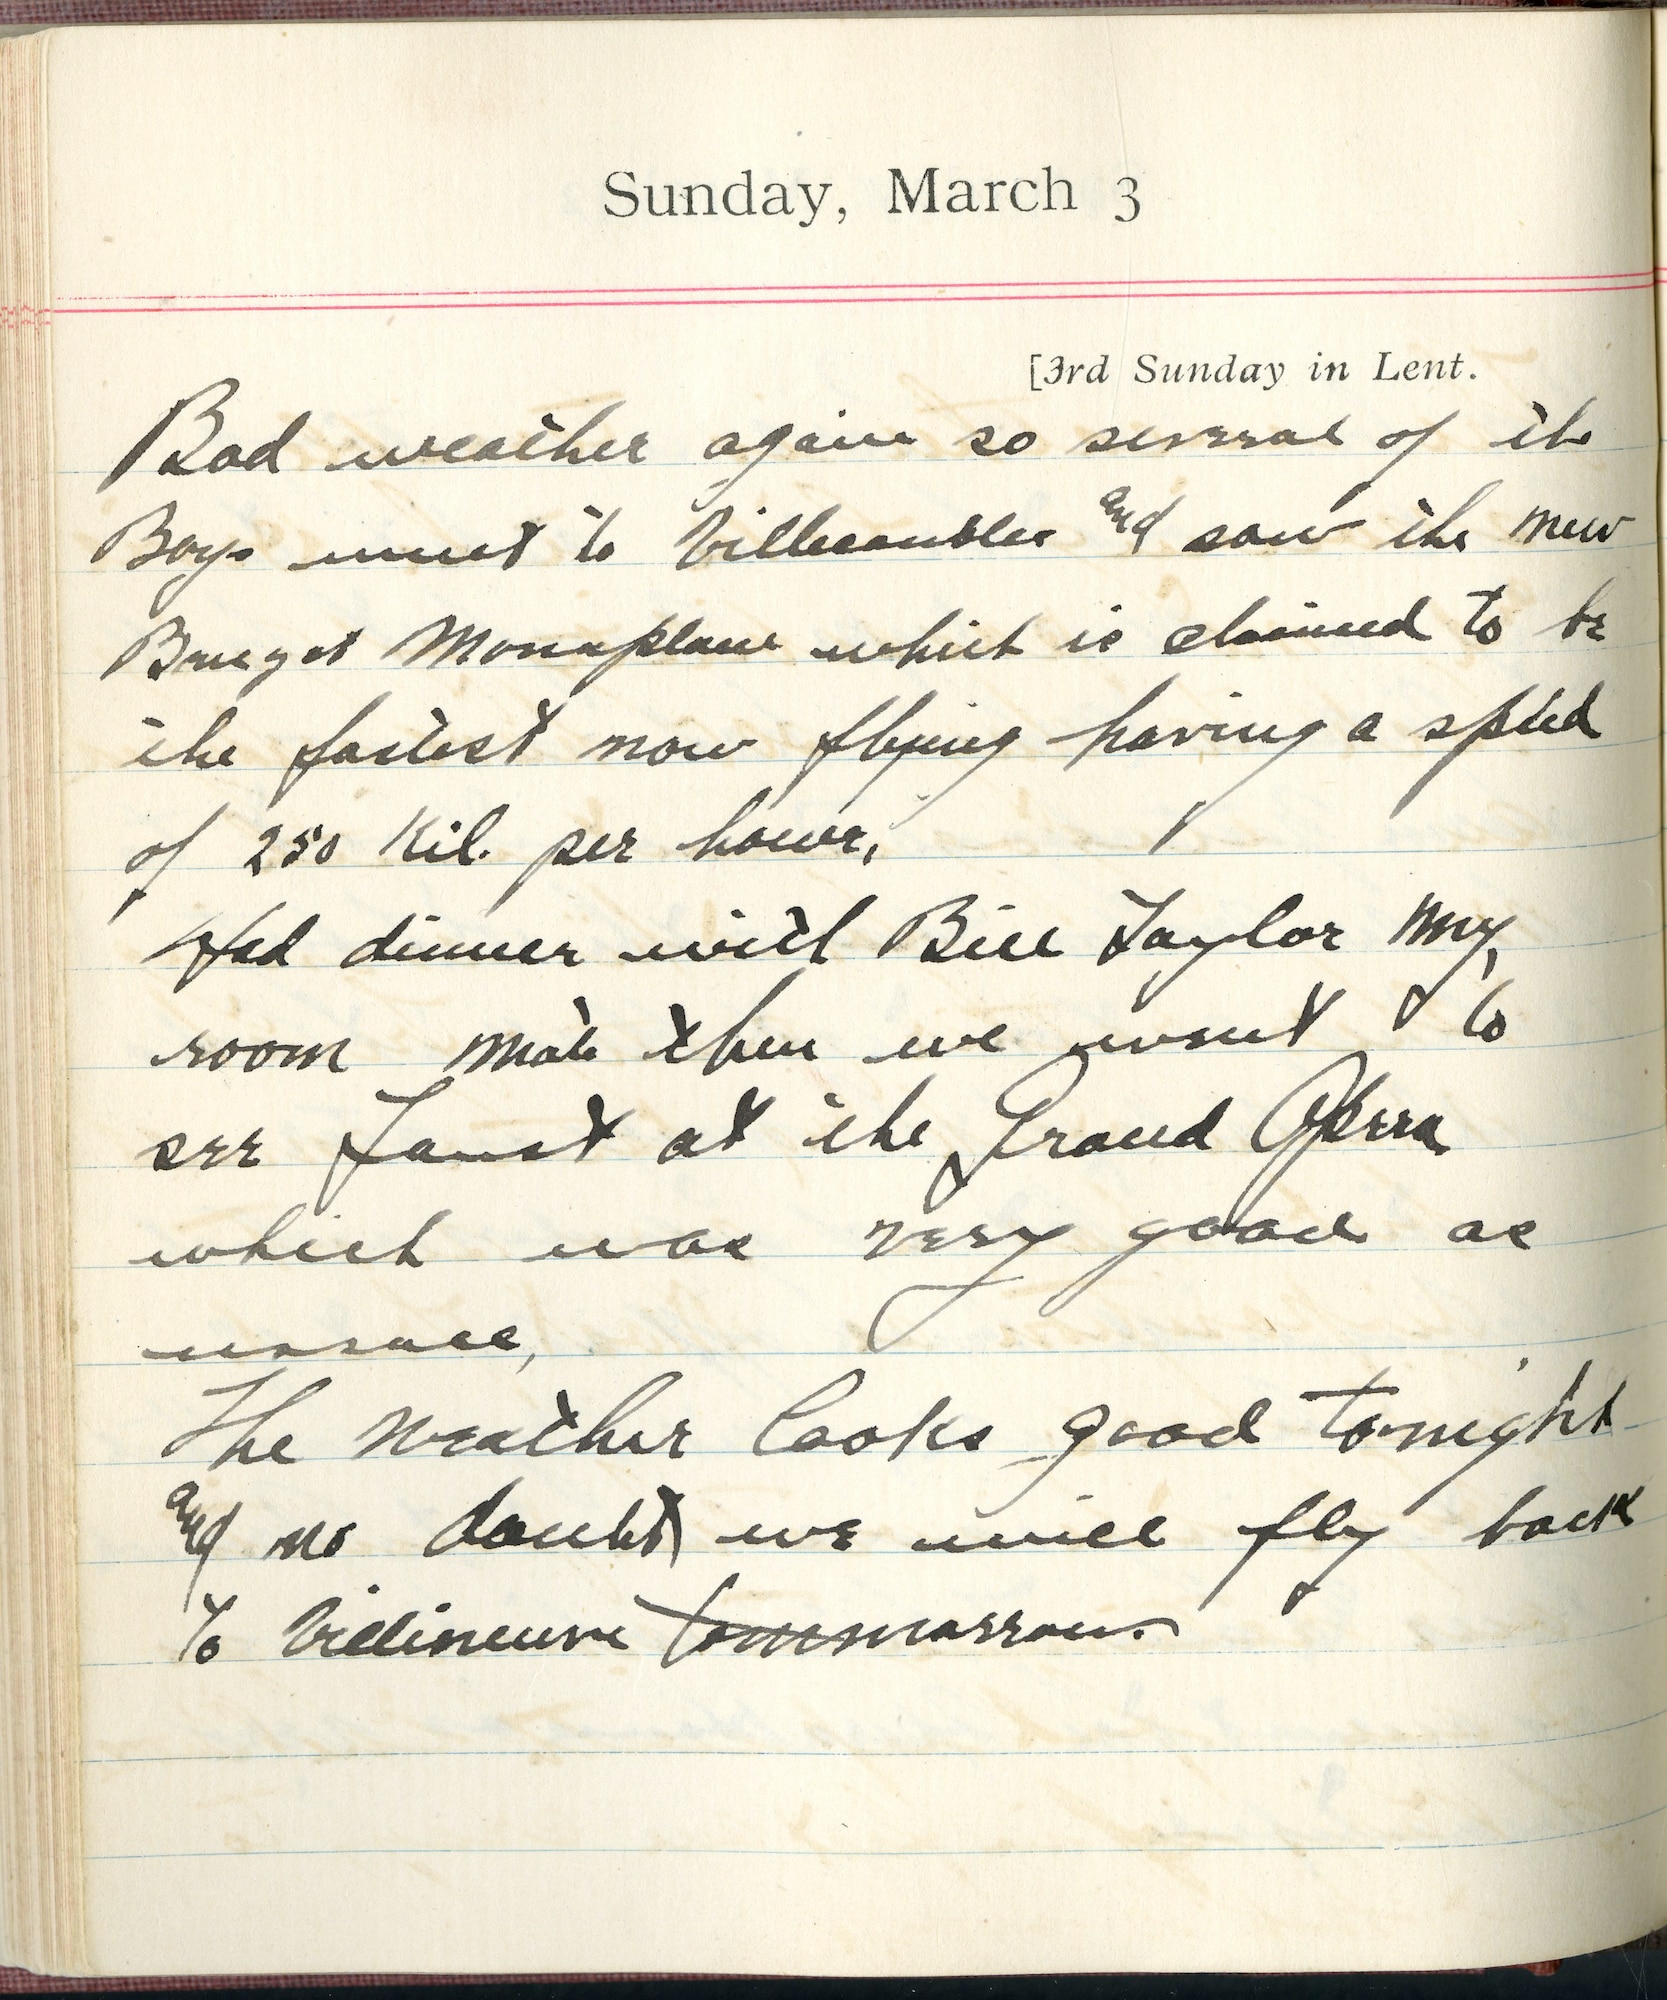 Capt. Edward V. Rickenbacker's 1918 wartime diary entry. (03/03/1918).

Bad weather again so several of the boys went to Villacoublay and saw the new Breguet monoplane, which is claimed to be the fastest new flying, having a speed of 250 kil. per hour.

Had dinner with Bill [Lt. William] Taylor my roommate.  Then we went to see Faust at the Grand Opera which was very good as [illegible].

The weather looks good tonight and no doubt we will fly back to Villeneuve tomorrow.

== Exercise description ==
For the string "which", work out how many lines of the data contain it; answer with the number alone.

== Your response ==
2